Firstly, it would be good if our slate won, or at least won some of the positions we’re running for. There are a small numbers of lefties involved in the committee at the moment and we hope to build on it. We want to move towards the organisation we want to see. Most of the motions submitted are worthy. There is a big constitutional review coming up – this happens every few years, as we look at the fitness of our structures for purpose. For example, we need a disciplinary policy so if someone does something really bad we have a way to exclude them. There is an amendment coming up as well saying that in the future people will have needed to be members for 40 days in order to vote, or 90 days before standing for election. I will be opposing that amendment because we should be encouraging people to get involved, rather than worrying about lefties wanting to come in!

What do you think about the Party’s stance on LGBT rights?

I think it is mostly good, and in fact they are ahead of LGBT Labour in their inclusion of intersex people in statements that have been made. In general the Party is supportive, and while there are limitations to them, it was life changing for LGBT people that when in government it introduced the Equality Act and Gender Recognition Act. CLPs will vary in representation and attitudes, but I believe in the leadership, John McDonnell and Jeremy Corbyn pushed to get the Gender Recognition Act as good as they could and to get others to support it, for example. In terms of the fuss over Corbyn’s comments on people ‘choosing’ to be lesbian or gay, it was clear that he meant people who are out. There’s a difference between being gay and acting on it and being out.

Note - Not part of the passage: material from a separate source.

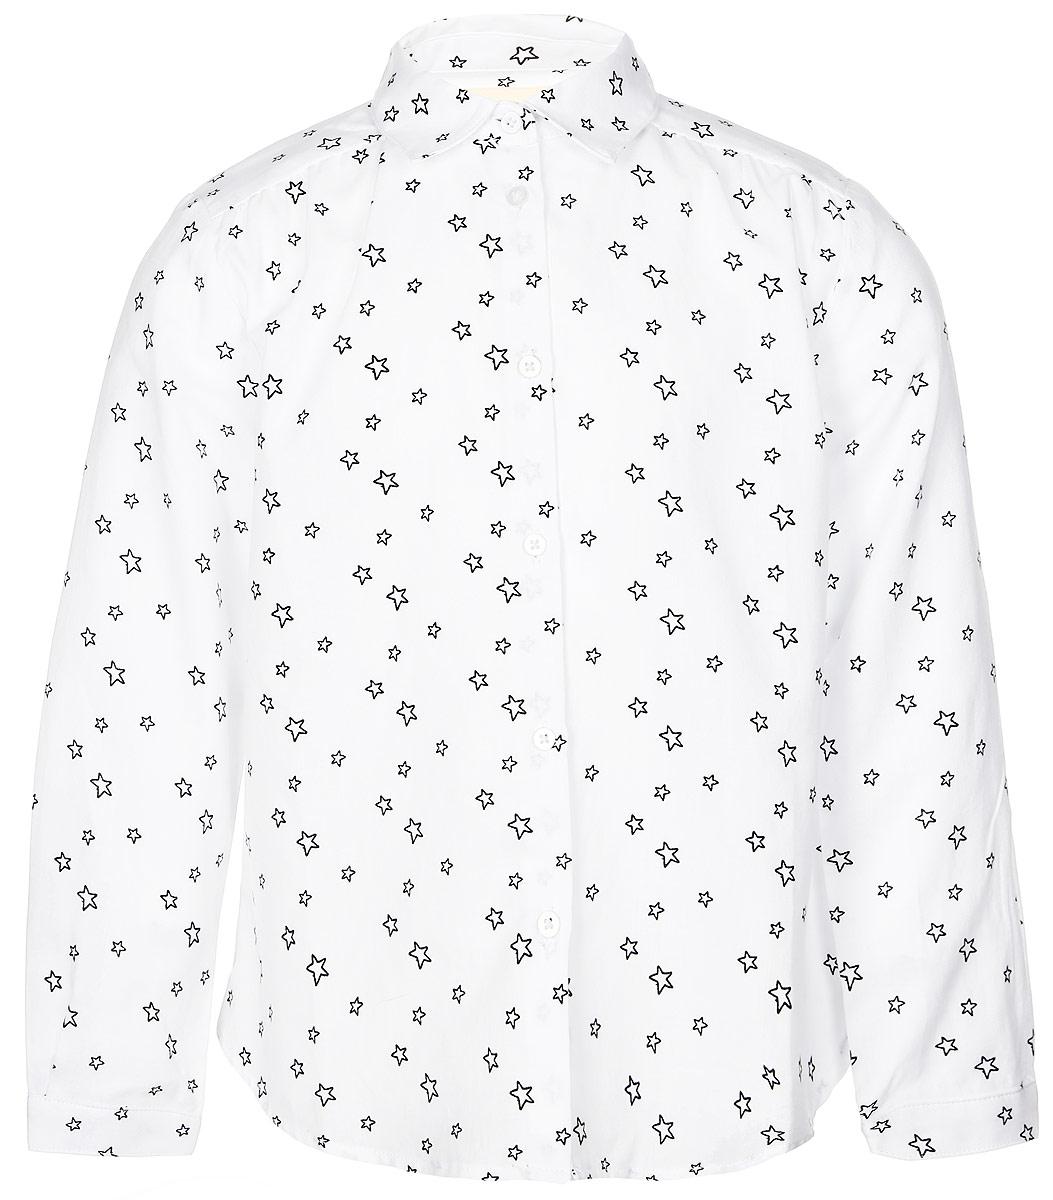 Рубашка216BBGC22010201Стильная рубашка Button Blue выполнена из натурального 100% хлопка. Модель свободного трапециевидного кроя с длинными рукавами и отложным воротником застегивается на пуговицы по всей длине и оформлена оригинальным звездным принтом. На манжетах предусмотрены застежки-пуговицы. Спинка немного удлинена.

What should the Labour left be doing?

We should be targeting organisations like LGBT Labour, not only to have more influence but also to mobilise people and create a movement. We should be involved in Party structures as well. Socialist societies like LGBT Labour have a member on the NEC. People need to hear our ideas. I’m worried that people who joined Momentum as they were fed up with the Labour Party may now be leaving Momentum as they can’t see what they can do within it. We should be engaging with people.